Alito on Presidential Power

The New York Times has an editorial on Alito, part of which reads:
PRESIDENTIAL POWER The continuing domestic wiretapping scandal shows that the Bush administration has a dangerous view of its own powers, and the Supreme Court is the most important check on such excesses. But Judge Alito has some disturbing views about handing the president even more power. He has argued that courts interpreting statutes should consider the president's intent when he signed the law to be just as important as Congress's intent in writing and passing the law. It is a radical suggestion that indicates he has an imperial view of presidential power.
This is quite unfair. Alito's suggestion that courts consider the intent of the President when interpreting a statute was by no means "radical," as can be seen by many historical examples (i.e., the Supreme Court's acknowledgment of Roosevelt's intent).

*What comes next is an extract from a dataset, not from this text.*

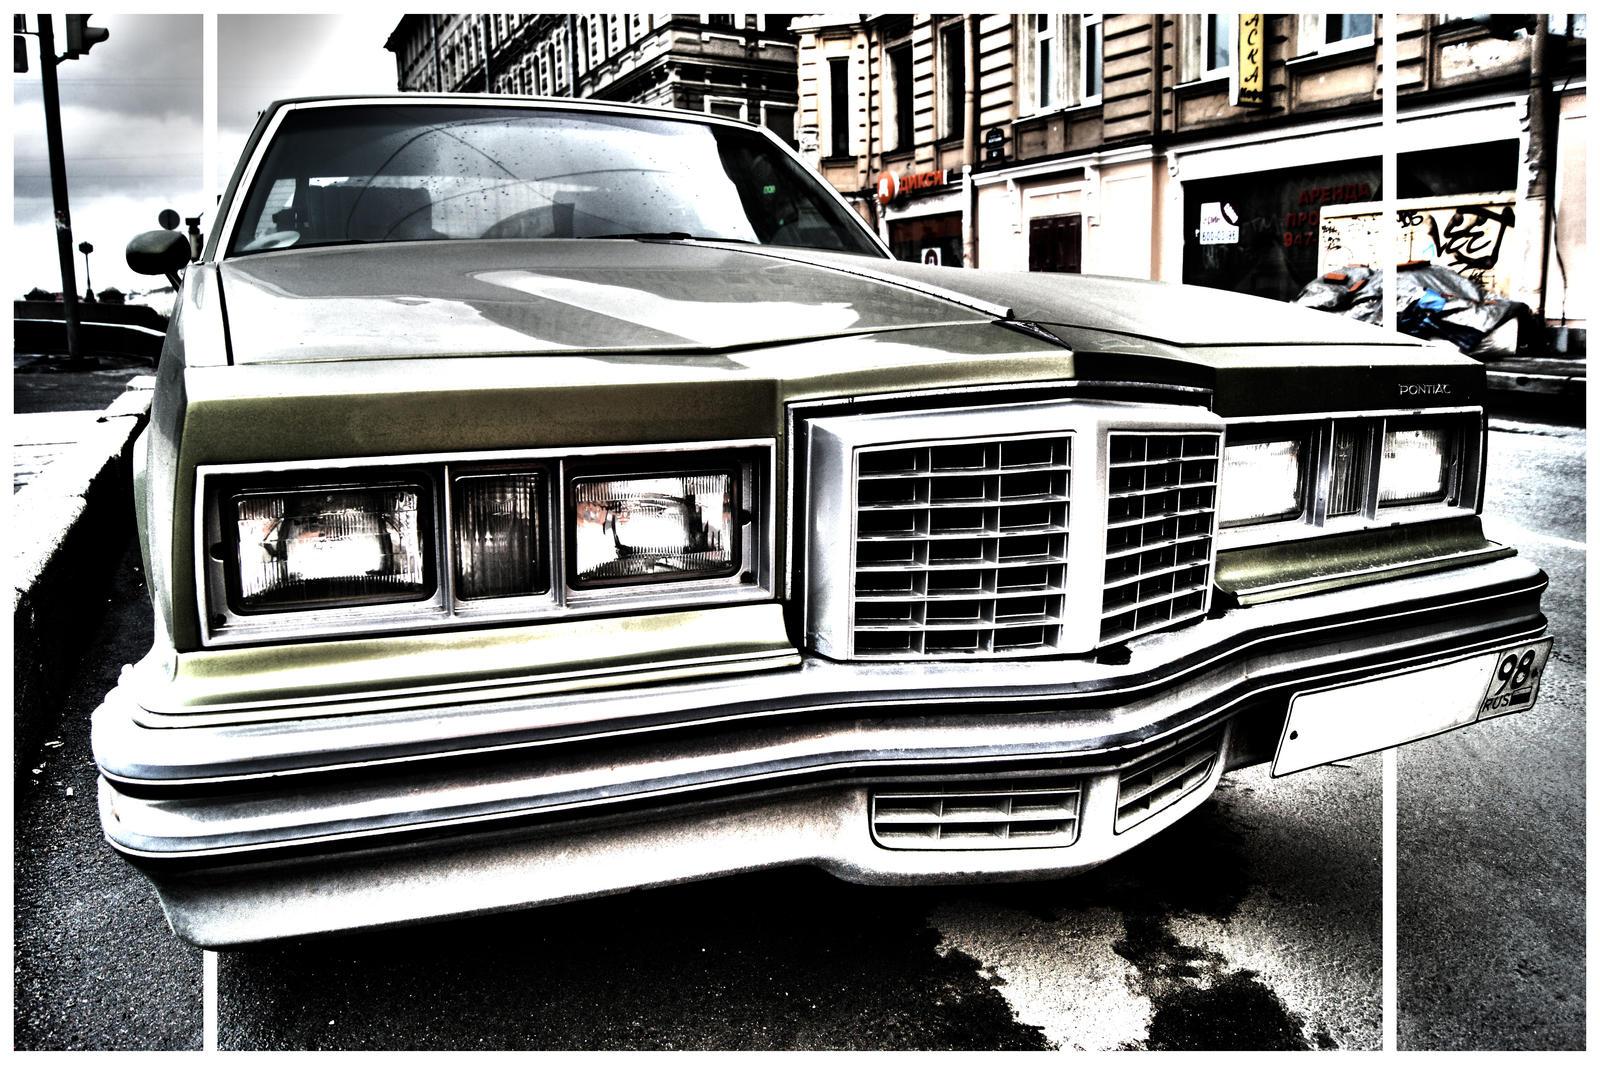 pontiac grand prix 1980 by dubrik on deviantart deviantart

Even worse is the phrase "imperial view of presidential power." All that Alito said was that the President's intent in signing a bill into law ought to be as relevant as the legislature's intent -- when the law is being construed by a court. This necessarily means that the President is submitting to the authority of a court on a particular question of statutory interpretation. There is nothing "imperial" whatsoever about Alito's view.

If you want to see someone arguing for the proposition that Presidents should ignore limits on their constitutional powers -- which is what the Times insinuates -- you're not going to find any support from Alito. Instead, you'd have to look at the Office of Legal Counsel memo that Clinton solicited (discussed in my post below).